The semi-reboot of season three—necessitated by any number of factors but mostly by the fact that DR, the Danish channel that produces the show, didn’t order a third season until fairly late in the process (and after international acclaim for the show had started to leak in—has hurt the show in these small ways, but if you’re willing to go with it, there’s still plenty that’s rewarding here. Refocusing so much of the show on the Birgitte and Bent relationship is a smart call, and I’m enjoying when characters like Phillip or Kasper drop in for a few minutes as their schedules allow. And I’m digging the scenes where Birgitte and Katrine just shoot the shit, because I enjoy these actresses’ performances so much. Katrine’s indoctrination in the other side of the Danish political system is also fun, particularly when she screws things up and then has to fret about whether she’s damaged them irreparably.

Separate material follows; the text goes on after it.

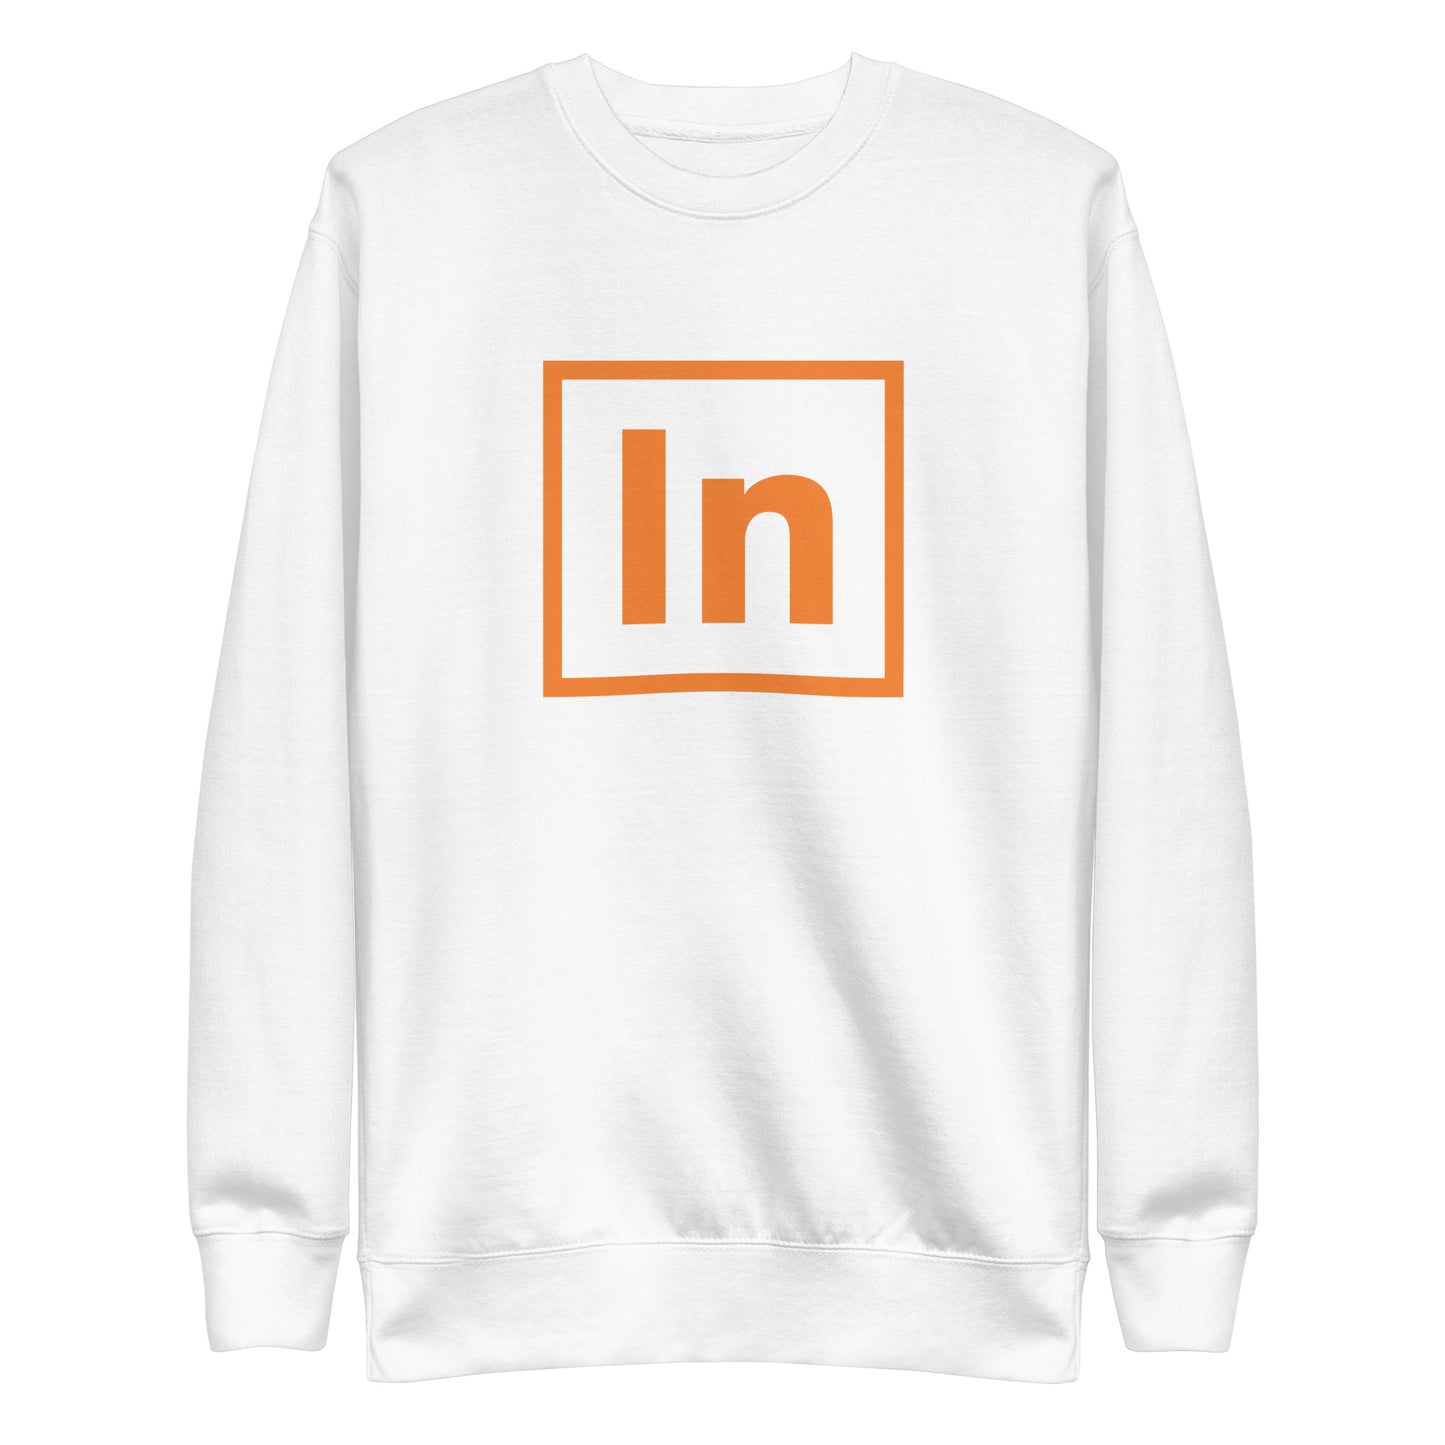 Unisex Premium Sweatshirt (fitted cut) - "In"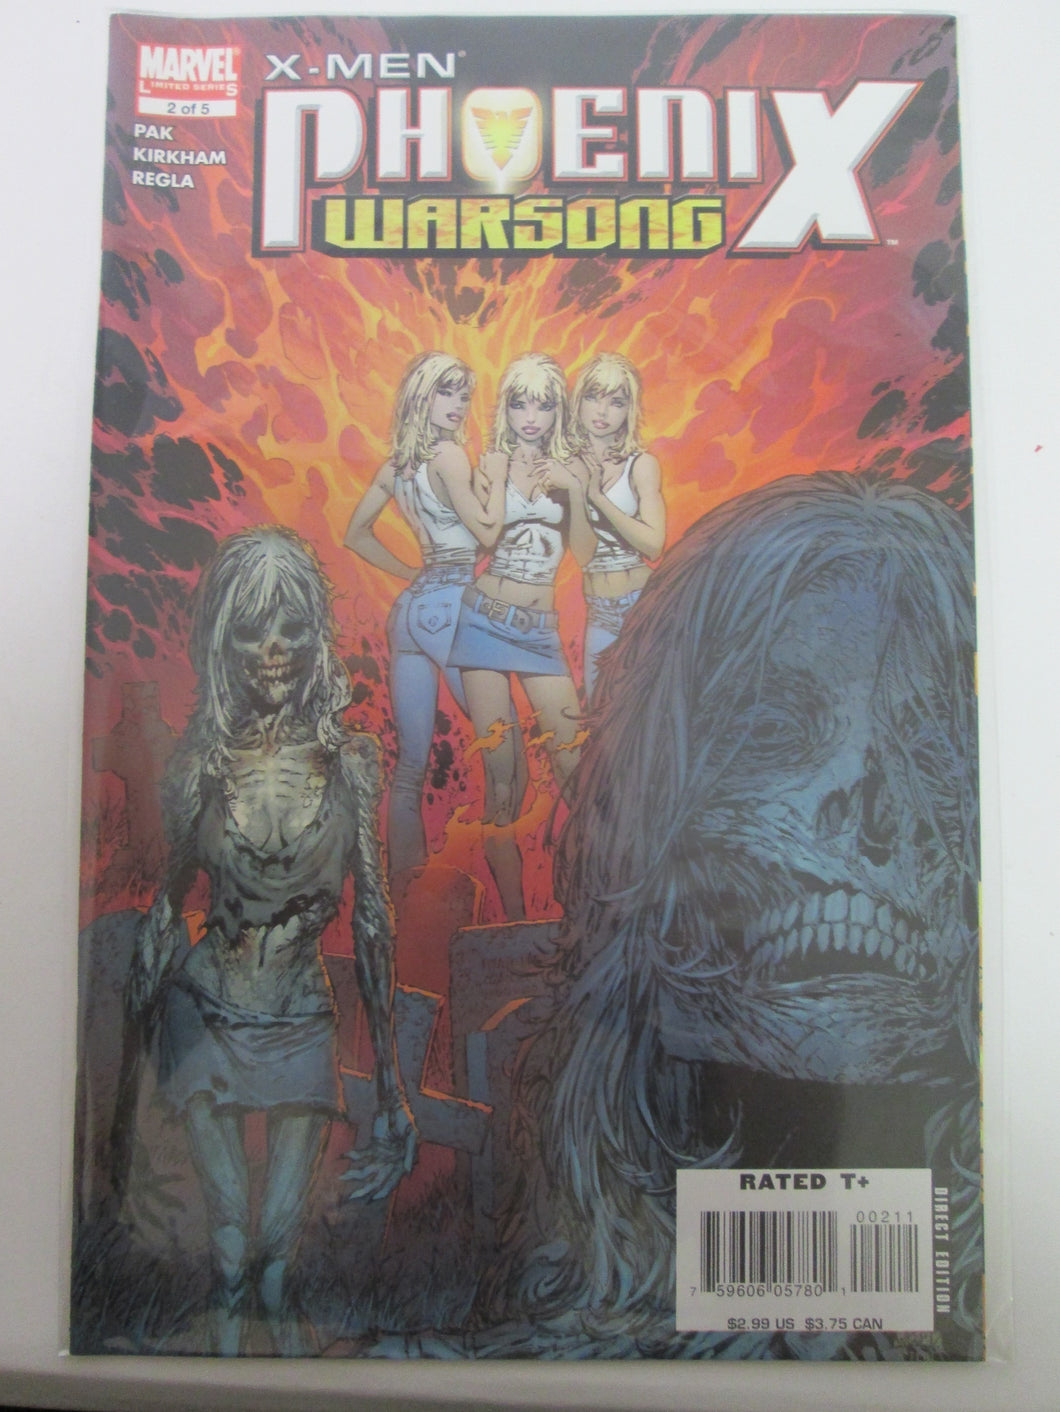 X-Men Phoenix Warsong # 2 (Marvel)

But Borgen has rarely had too much trouble with its political half. It’s the personal stuff where the show has always struggled, and season three is off to a weaker start in that arena than usual, particularly with Katrine and her mother’s earnest discussions of what it is to be a working mother, which might as well come with a blinking sign that reads “MAJOR THEMATIC CONCERNS OF THE SEASON.” Jeremy has yet to become an entity, Katrine’s motherhood feels less like an organic development (as it probably should!) and more like a chance to once again root around in the question of whether anyone can have it all, and about the only thing I’m getting out of this is an excuse to hear Sidse Babbett Knudsen speak English more often (which, don’t get me wrong, is totally fine). I hate to sound down on an episode that I more or less enjoyed, but the directions it points in are ones that still have me a little unnerved.
Stray observations:
- The moment when Bent comes back and tells Birgitte that, okay, he’ll become a New Democrat, too, is so telegraphed but so satisfying. The show can do just about anything to these two, and their friendship still stands as a touchstone.
- Nete marvels at the way that the warehouse Birgitte bought looks like the one where they filmed that Coldplay video. Birgitte smiles indulgently, and Nete says, “Every Teardrop Is A Waterfall,” and I am very happy.
- Though I’m mostly uninterested in the Katrine is a mom plot so far, I liked the recurring use of the squeaky duck toy to suggest the responsibilities to her son that were always present, even when she was pursuing other opportunities.
- Speaking of Katrine, the moment when she tilts her beer bottle toward Kasper when he doesn’t betray the new party on Juul And Friis was a nice reminder of how good these two are together.
- Phillip donates new office furniture to the New Democrats. Everlasting devotion!